Published 22 November 2007

Not only has the government presided over the biggest financial bailout in Britain's history, it has sought to minimise its importance

When America's sub-prime mortgage crisis hit these shores on 9 August - the day global credit markets froze over - no one could have quite imagined that nearly four months later the nation would still be grappling with its impact on our national life. New Labour, which built its reputation on economic competence, has seen it shattered by the fumbled handling of Northern Rock. And now it is reeling from a second successive crisis, the loss by HM Revenue and Customs of the personal details of 25 million people in the UK.

Not only has the government presided over the biggest financial bailout in Britain's history, it has sought throughout the affair to minimise its importance. It was only this month, when the Bank of England rapidly changed its growth forecast, projected up to three cuts in interest rates in the coming months and forecast potential recession and cascading share prices, that the gravity of recent events hit home.

The key question, which Alistair Darling has failed to answer, is: What is he going to do about the Rock? The sums involved are staggering. So far the Bank of England, as the lender of last resort, has advanced a staggering £24bn and rising. That is only part of it. In the turbulent hours following the run on the Rock's branches, the Chancellor finally listened to Mervyn King, governor of the Bank of England, and agreed to guarantee all the savings.

This guarantee was eventually narrowed so as to discourage speculative fortune hunters. But the bottom line is that the pledge is, in effect, a further government liability of between £10bn and £15bn, bringing the total notional cost of the rescue up to £40bn so far.
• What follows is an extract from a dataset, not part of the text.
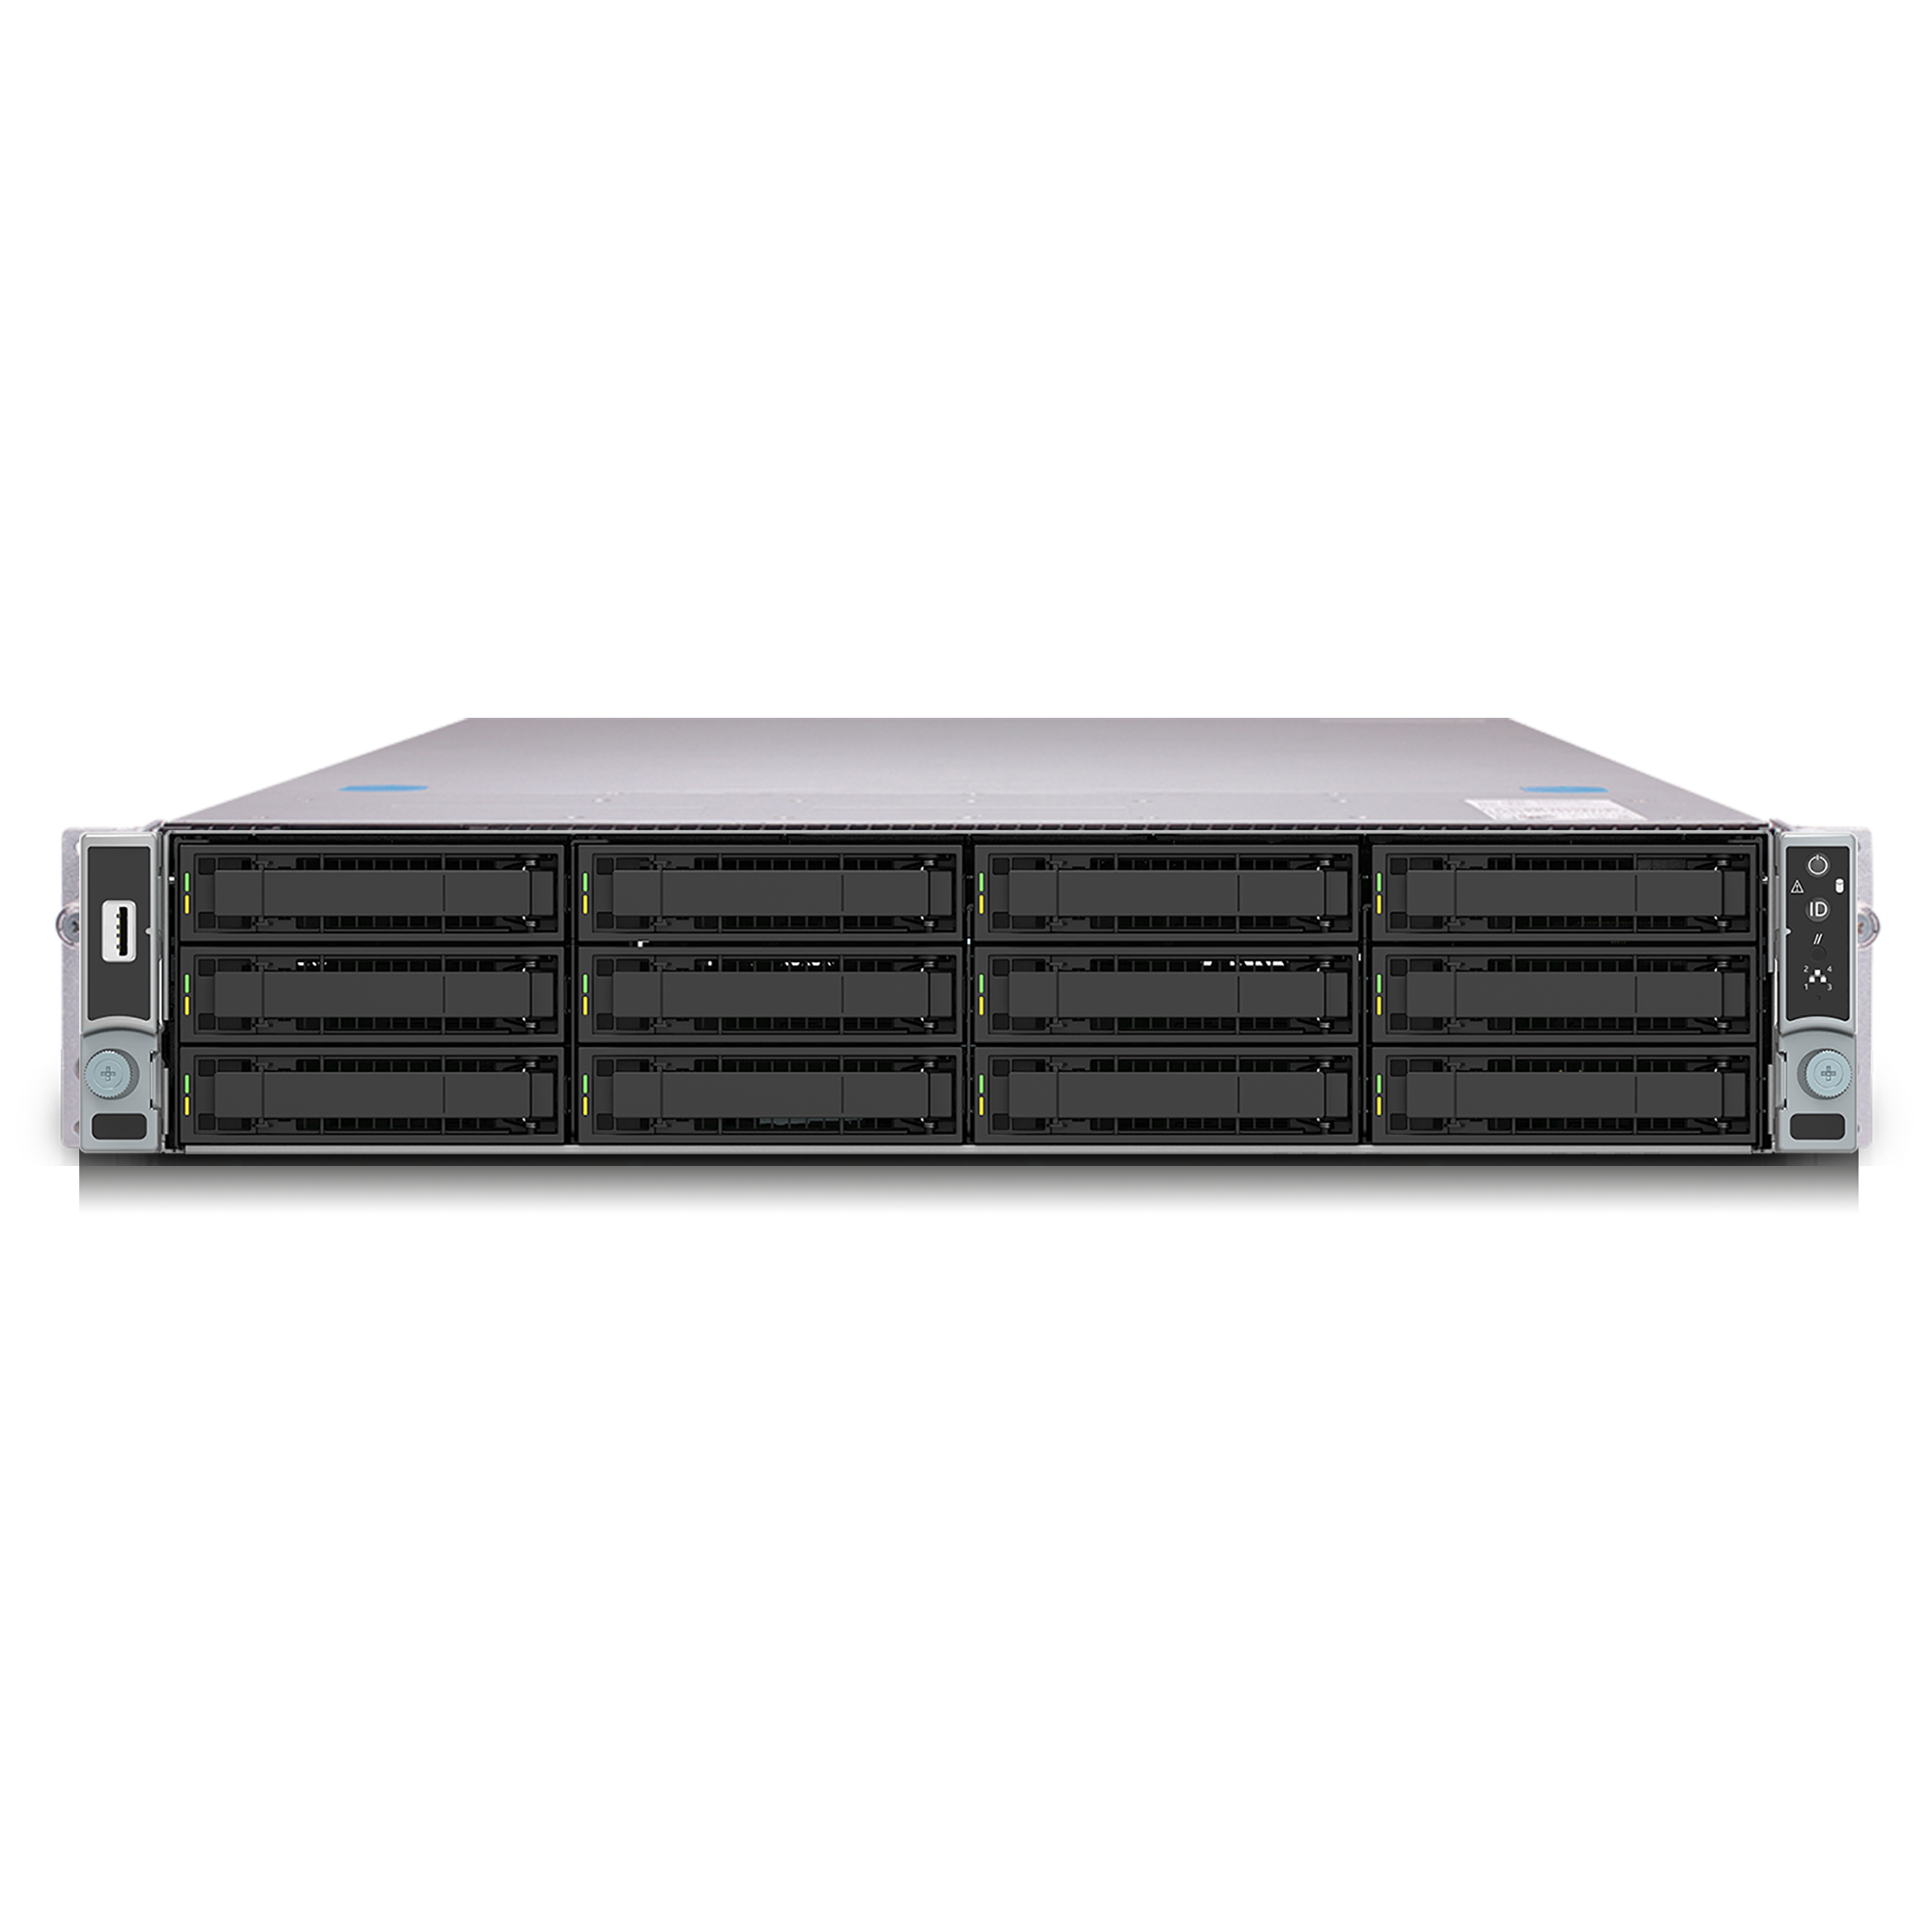 Extrema Server Rack 2U 8 Baie di SiComputer

That is a sum greater than the annual defence budget.

This is an unstable situation that the government cannot allow to persist, especially as the cost will have risen even further by February, which is Darling's deadline for sorting matters out.

The first sign of government impatience came this past week. At an unannounced session of the tripartite group, consisting of King, Darling and Sir Callum McCarthy, chairman of the Financial Services Authority, the board of the Rock was defenestrated. Out the window went the chief executive, Adam Applegarth, the person responsible for minting the Newcastle lender's disaster, and four non-executive directors. This group contained three people who should have known better: the former NatWest boss Sir Derek Wanless (the PM's health spending guru), Nichola Pease, scion of the Barclays family, and Rosemary Radcliffe, the former ombudsman for the FSA. Their reputations have been damaged irrevocably.

The choice now is between takeover or insolvency. There is no shortage of interest. When the first "soft" deadline for buyers was reached, several expressions of interest were received, including serious bids from the private equity banking specialists J C Flowers, Richard Branson's Virgin Money and a fund headed by Luqman Arnold, the man credited with turning around the fortunes of Abbey National.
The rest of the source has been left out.